▶ _Exercise data_:
------------
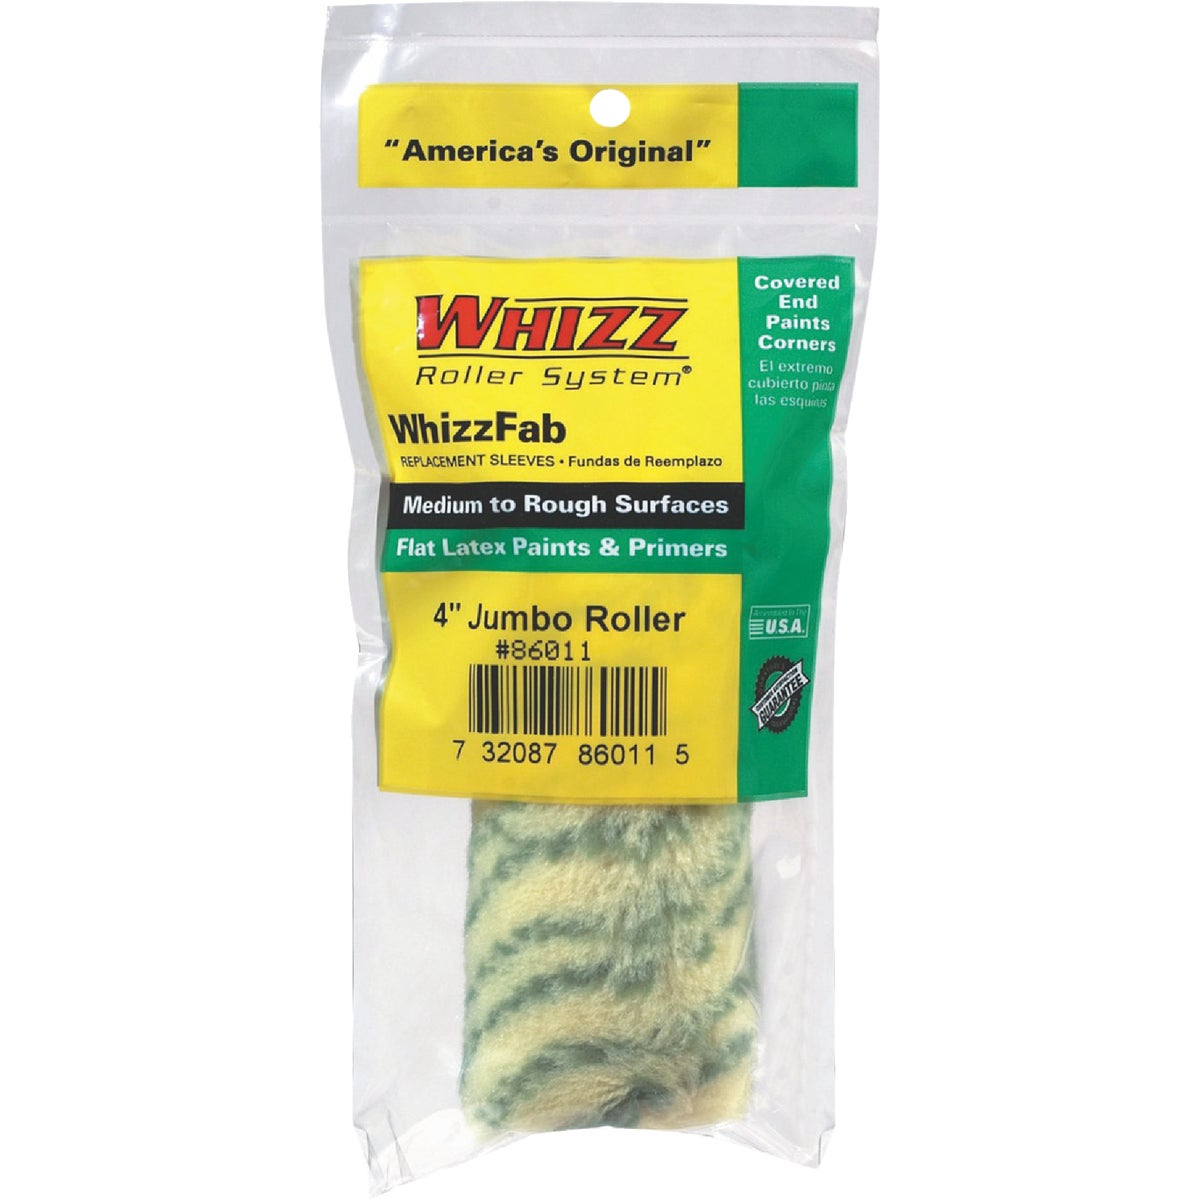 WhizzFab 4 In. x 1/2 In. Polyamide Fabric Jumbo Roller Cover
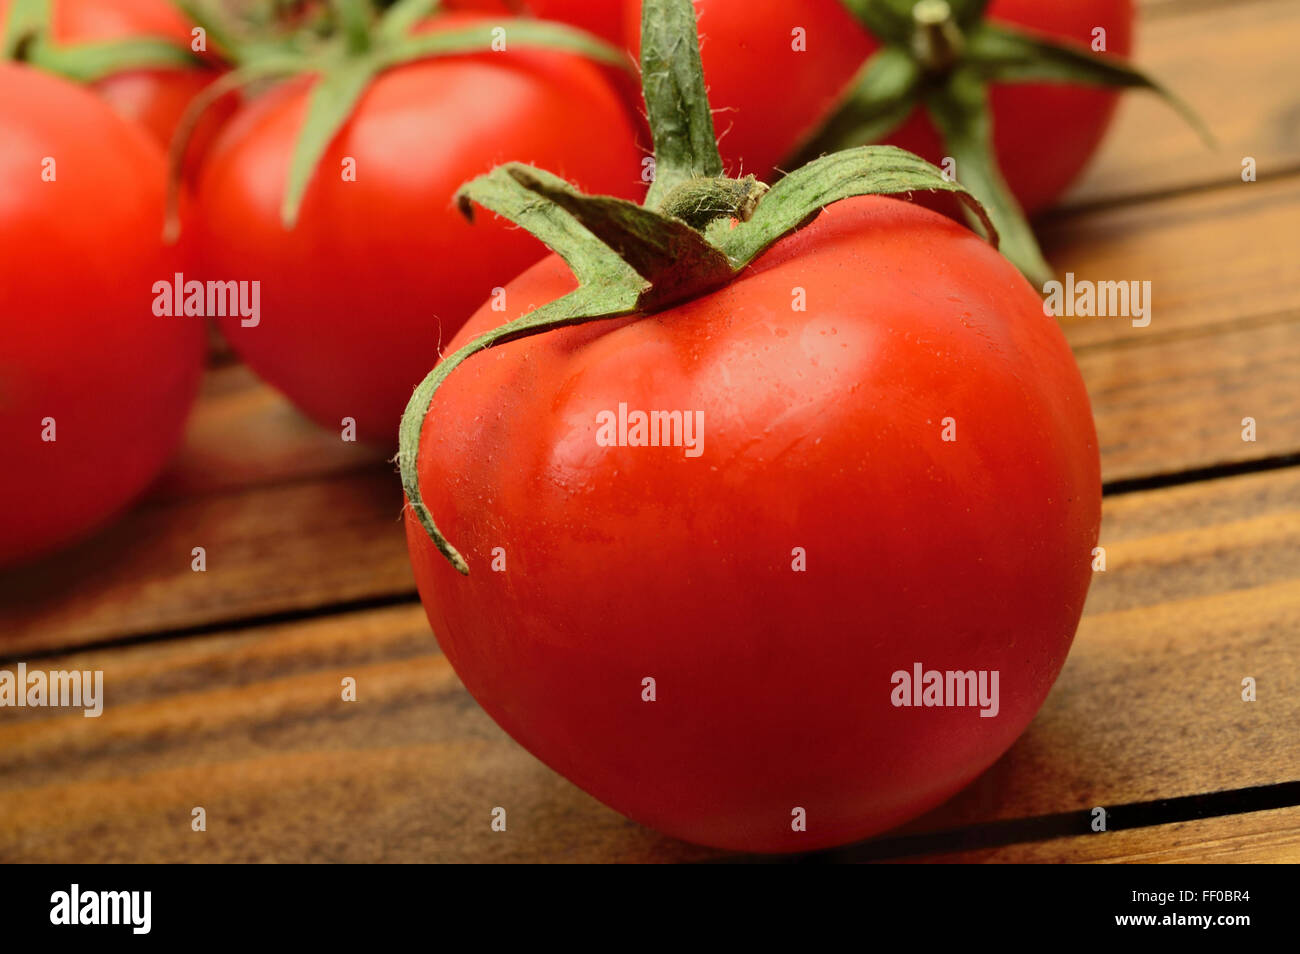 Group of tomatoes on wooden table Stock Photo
------------
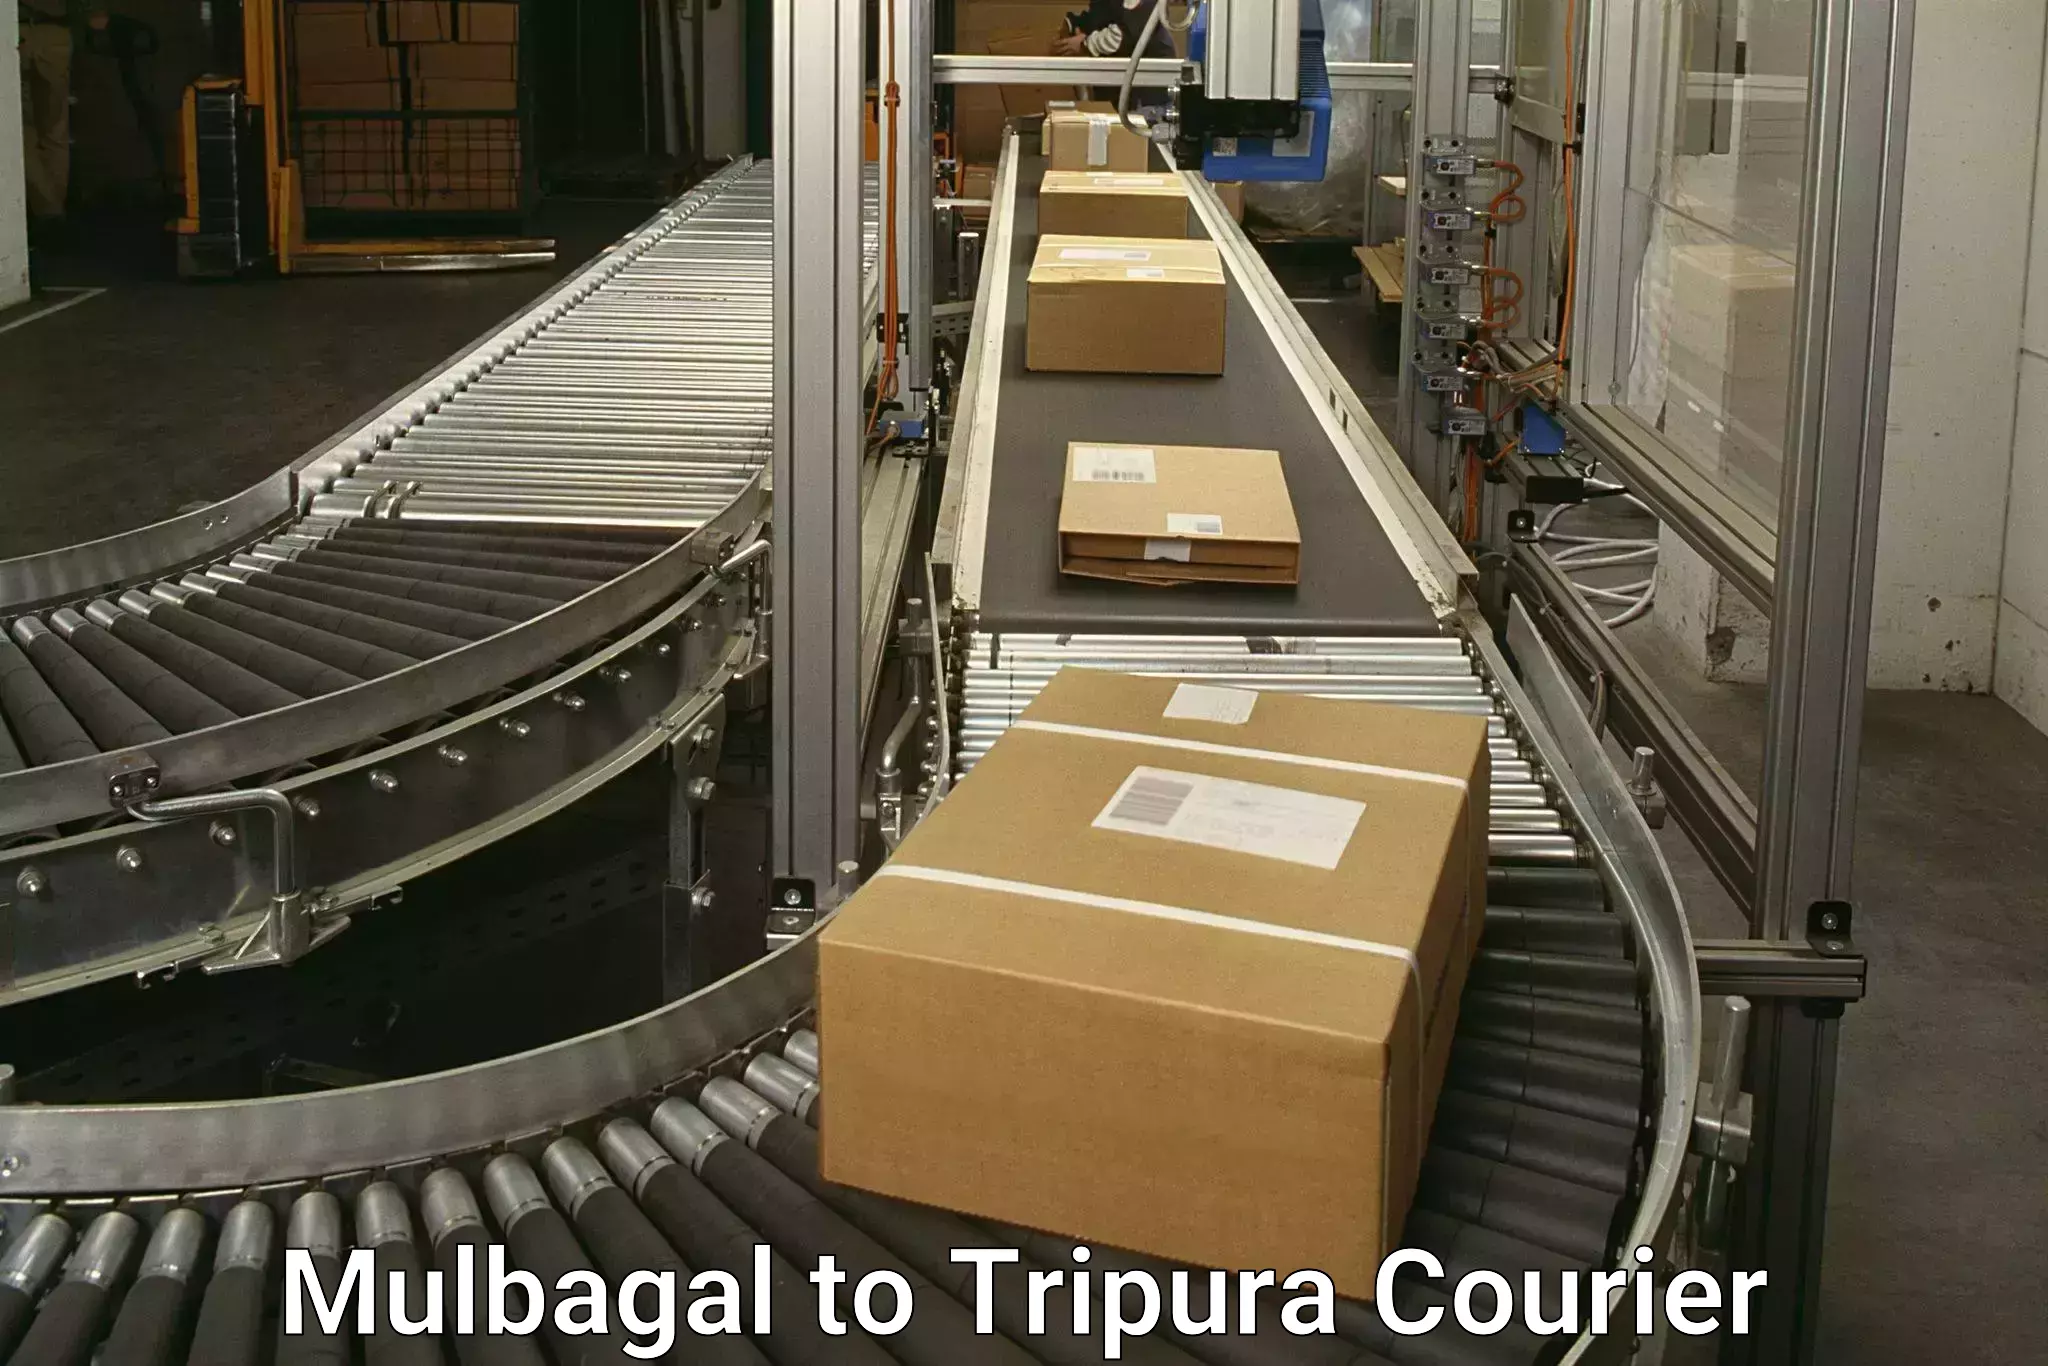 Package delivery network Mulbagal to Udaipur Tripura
------------
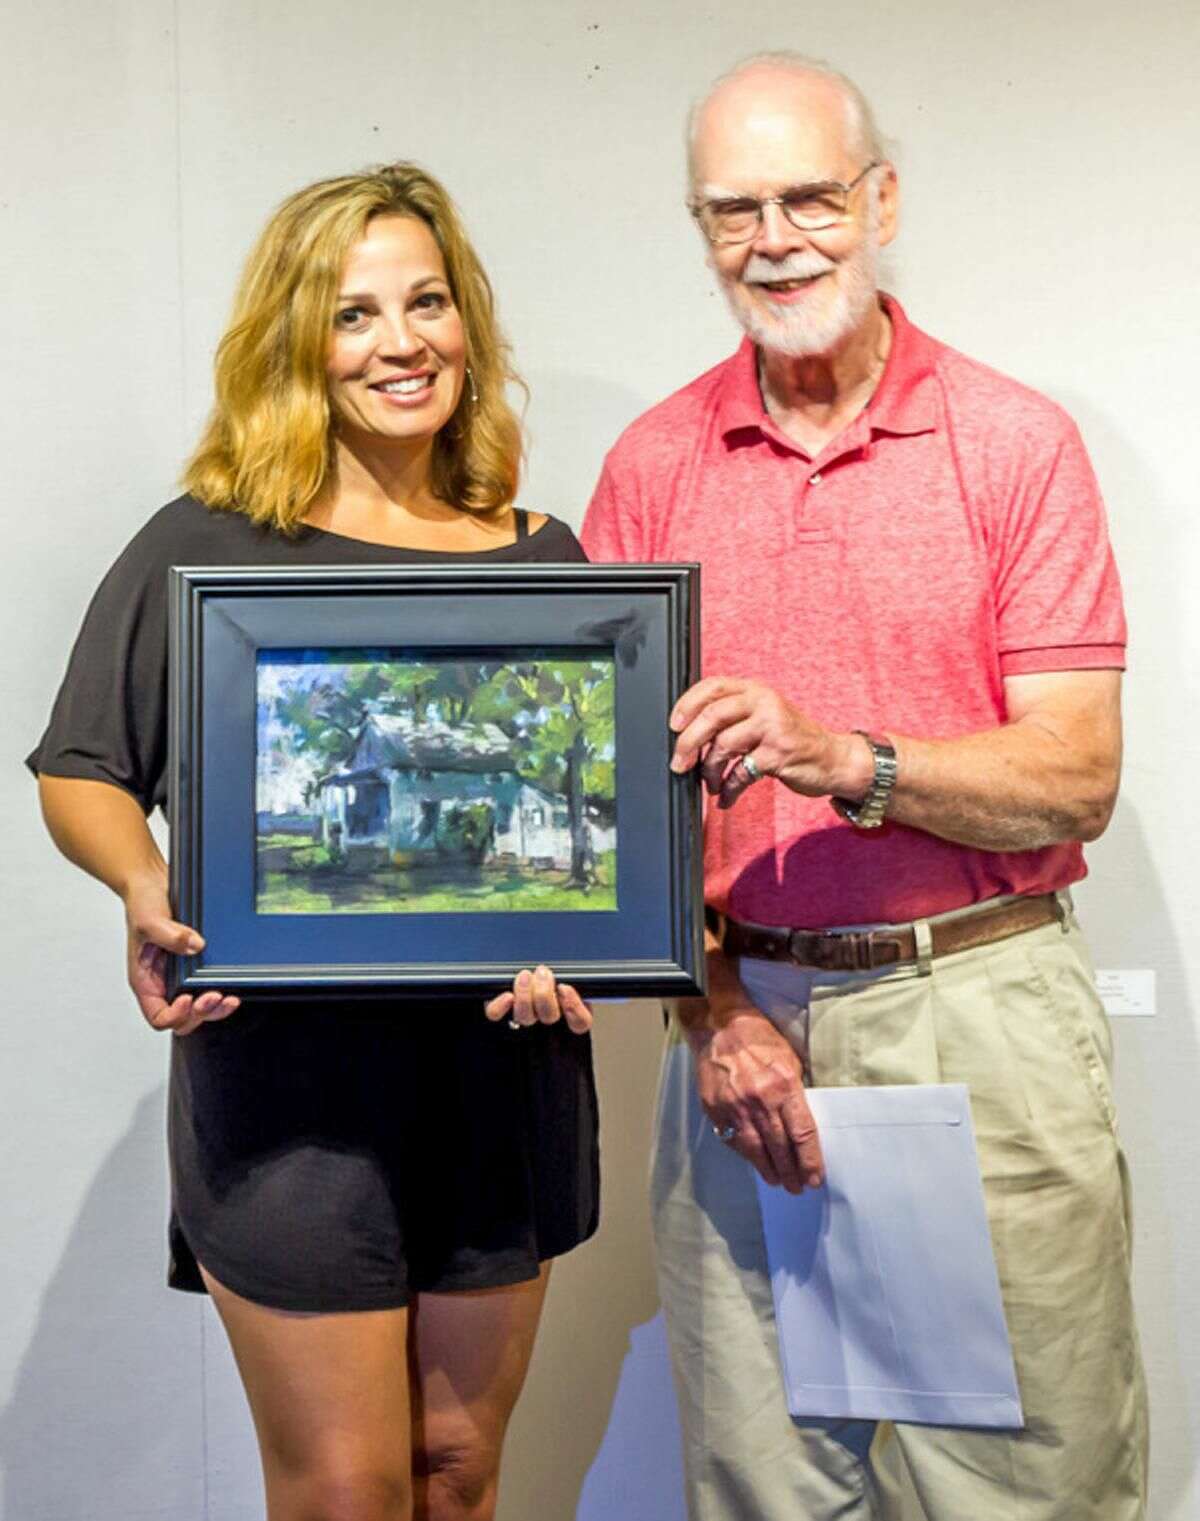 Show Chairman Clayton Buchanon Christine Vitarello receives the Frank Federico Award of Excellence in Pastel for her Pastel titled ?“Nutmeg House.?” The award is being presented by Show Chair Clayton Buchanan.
------------
Everything from the line with "WhizzFab 4 In." through the line with "Group of tomatoes" in the material above should be transcribed exactly, except the pictures.

▶ _Output of the exercise_:
 WhizzFab 4 In. x 1/2 In. Polyamide Fabric Jumbo Roller Cover
 Group of tomatoes on wooden table Stock Photo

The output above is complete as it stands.